• **Dataset excerpt**:
..............................
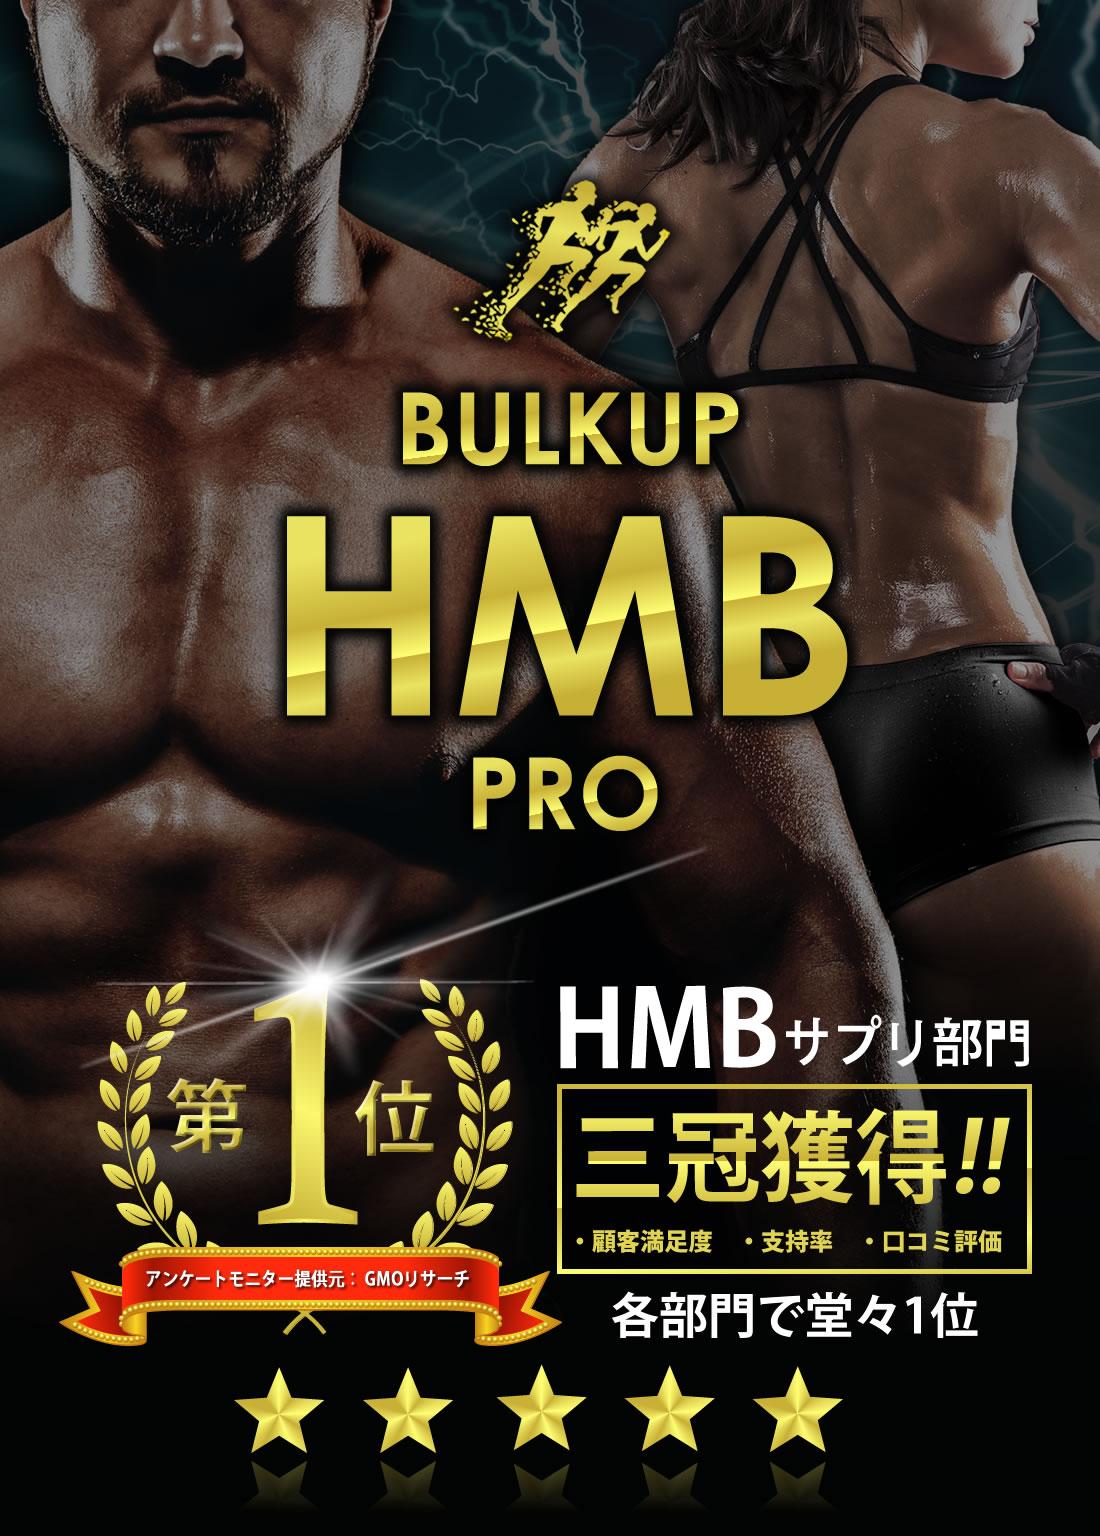 バルクアップHMBプロは「効果なし?」噂の筋肉サプリの効果は ...
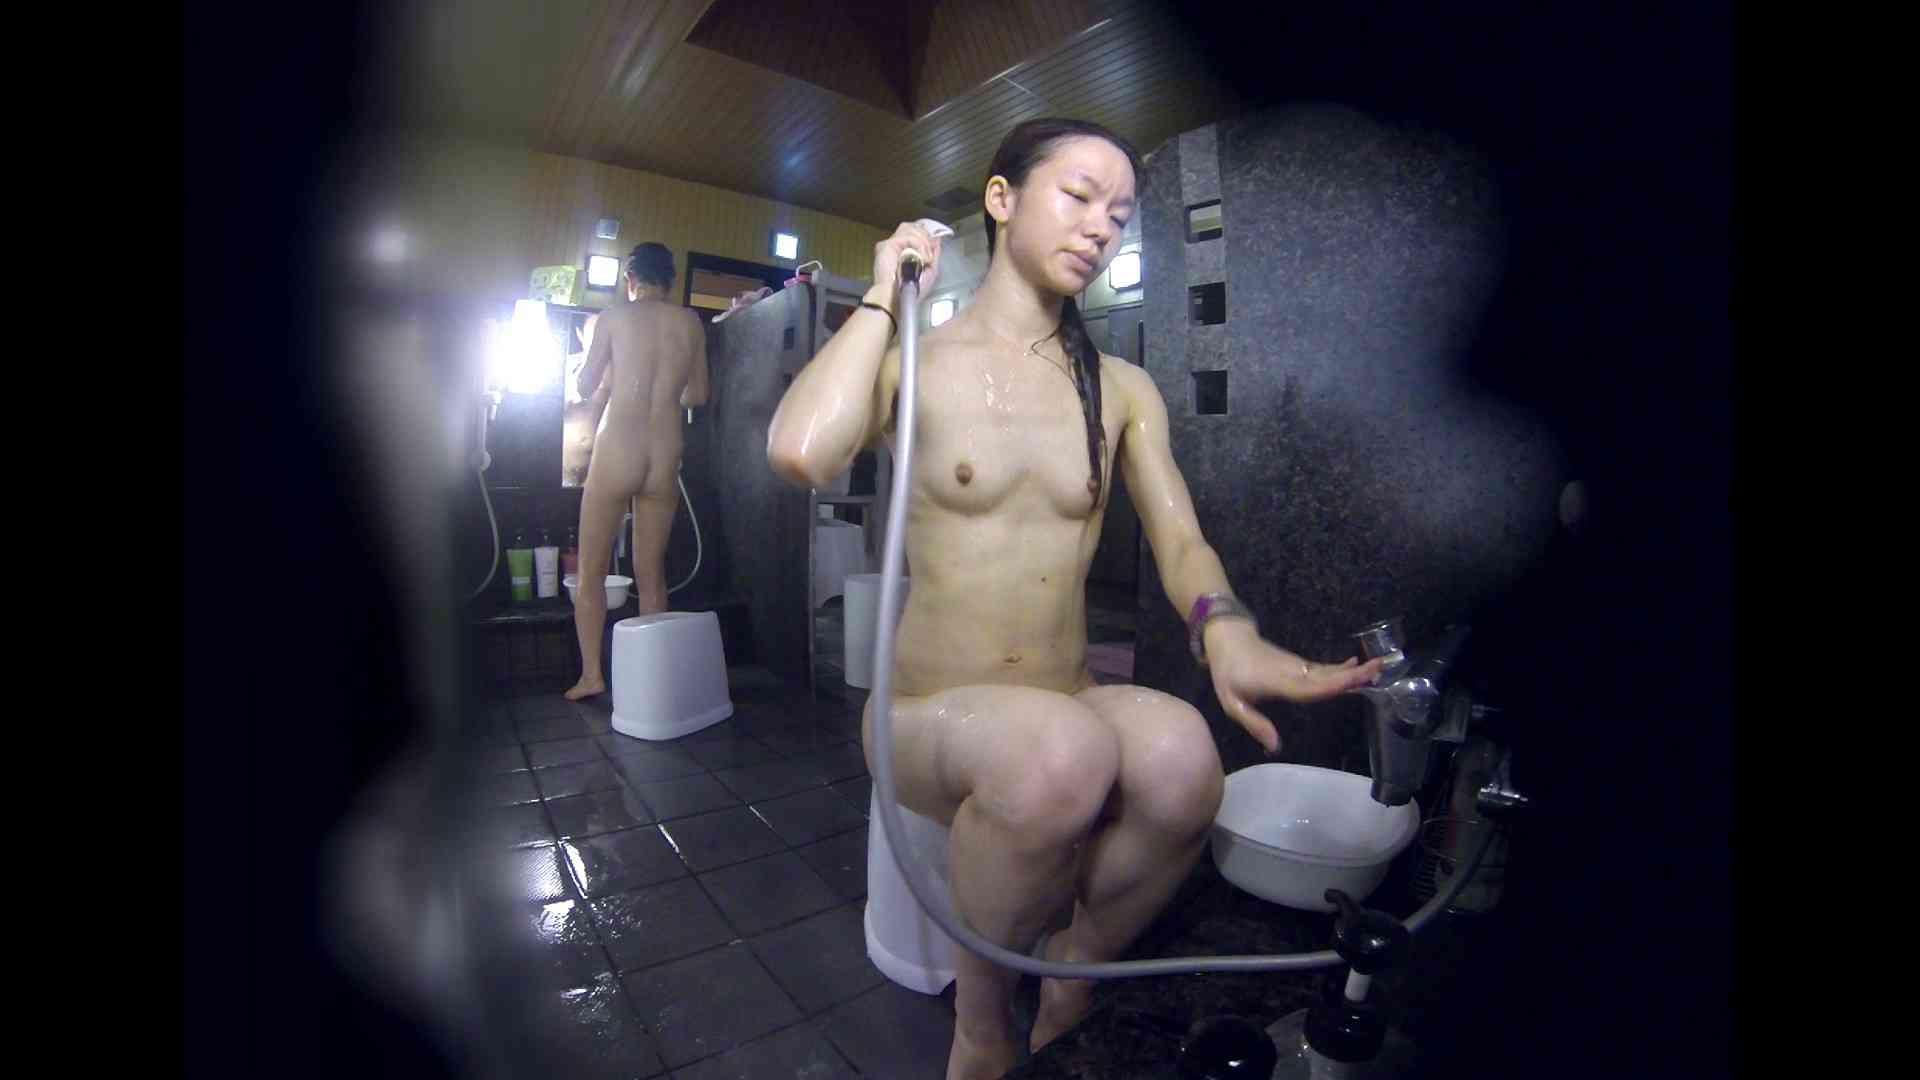 洗い場!可愛い?ブサイク?確かなのは貧乳であること 女湯 セックス画像 61画像 15
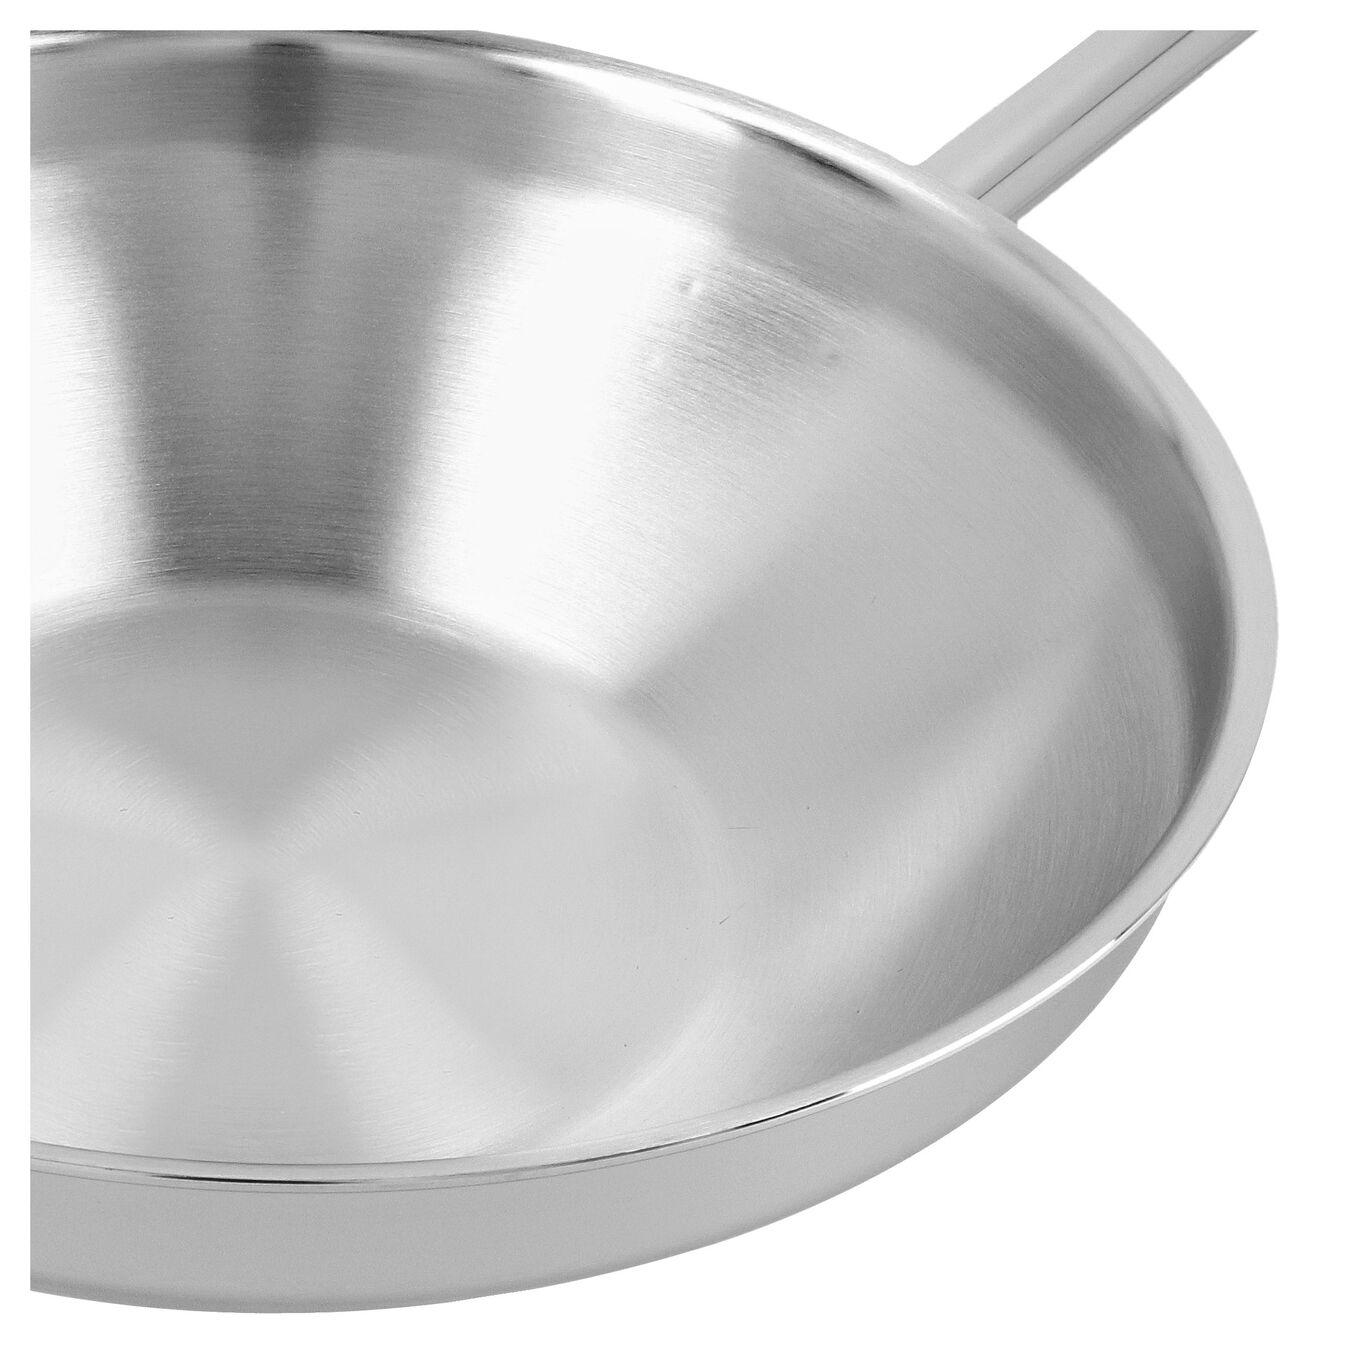 Wok fondo piatto - 32 cm, 18/10 acciaio inossidabile,,large 5
..............................
• **What is expected**: Output the data above verbatim, pictures excluded.

• **Task solution**:
 バルクアップHMBプロは「効果なし?」噂の筋肉サプリの効果は ...
 洗い場!可愛い?ブサイク?確かなのは貧乳であること 女湯 セックス画像 61画像 15
 Wok fondo piatto - 32 cm, 18/10 acciaio inossidabile,,large 5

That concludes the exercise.